← Back to context

Comment by muvlon

3 hours ago

Sure, you need a tiny bit of asm to do the actual syscall. That's not what I'm talking about. Most syscalls are easy to wrap, clone is slightly harder but doable (as evidenced by glibc). clone3 is for all intents and purposes impossible to write a general C wrapper for. It allows you to create situations such as threads that share virtual memory but not file descriptors, or vice-versa. That is, it can leave the caller in a situation that violates core assumptions by libc.

You're mixing things up. C the language doesn't know about virtual memory or file descriptions. Those are OS features.

  • The C library maintains its own set of file descriptors, which are mapped to the OS file descriptors (because the stdio file descriptors and the OS file descriptors have different types and different behaviors).

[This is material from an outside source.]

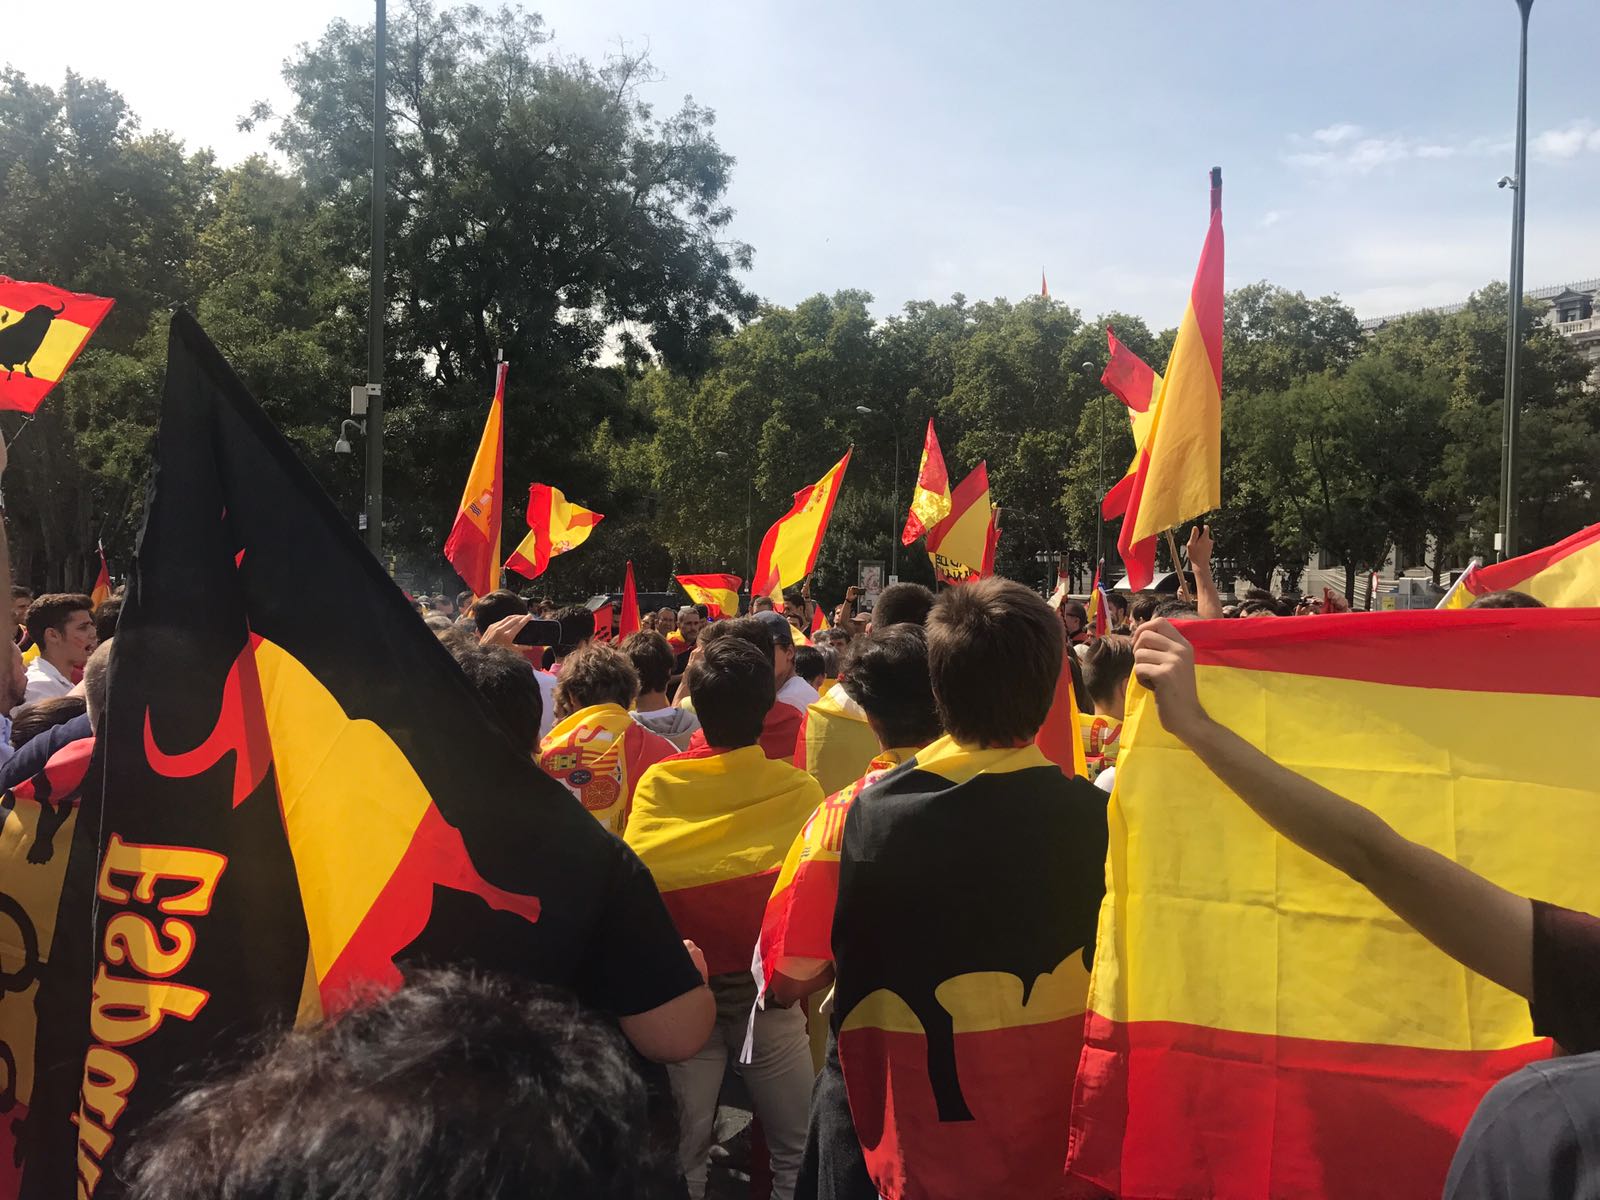 Convoquen ultres de Madrid a manifestar-se l’1-O davant Casanova

    I do not know whether this is true, but perhaps the previous poster means that using clone3 with certain arguments may break this file descriptor mapping so invoking after that stdio functions may have unexpected results.

    Also the state kept by the libc malloc may get confused after certain invocations of clone3, because it has memory pages that have been obtained through mmap or sbrk and which may sometimes be returned to the OS.

    So libc certainly cares about the OS file descriptors and virtual memory mappings, because it maintains its own internal state, which has references to the corresponding OS state. I have not looked to see when an incorrect state can result after a clone3, but it is plausible that such cases may exist, so that glibc allows calling clone3 only with a restricted combination of arguments and it does not provide a wrapper that would allow other combinations of arguments.

    • Yes; this is why QEMU's user-space-emulation clone syscall handling restricts the caller to only those combinations of clone flags which match either "looks like fork()" or "looks like creating a new pthread", because QEMU itself is linked with the host libc and weird clone flag combinations will put the new process/thread into a state the libc isn't expecting.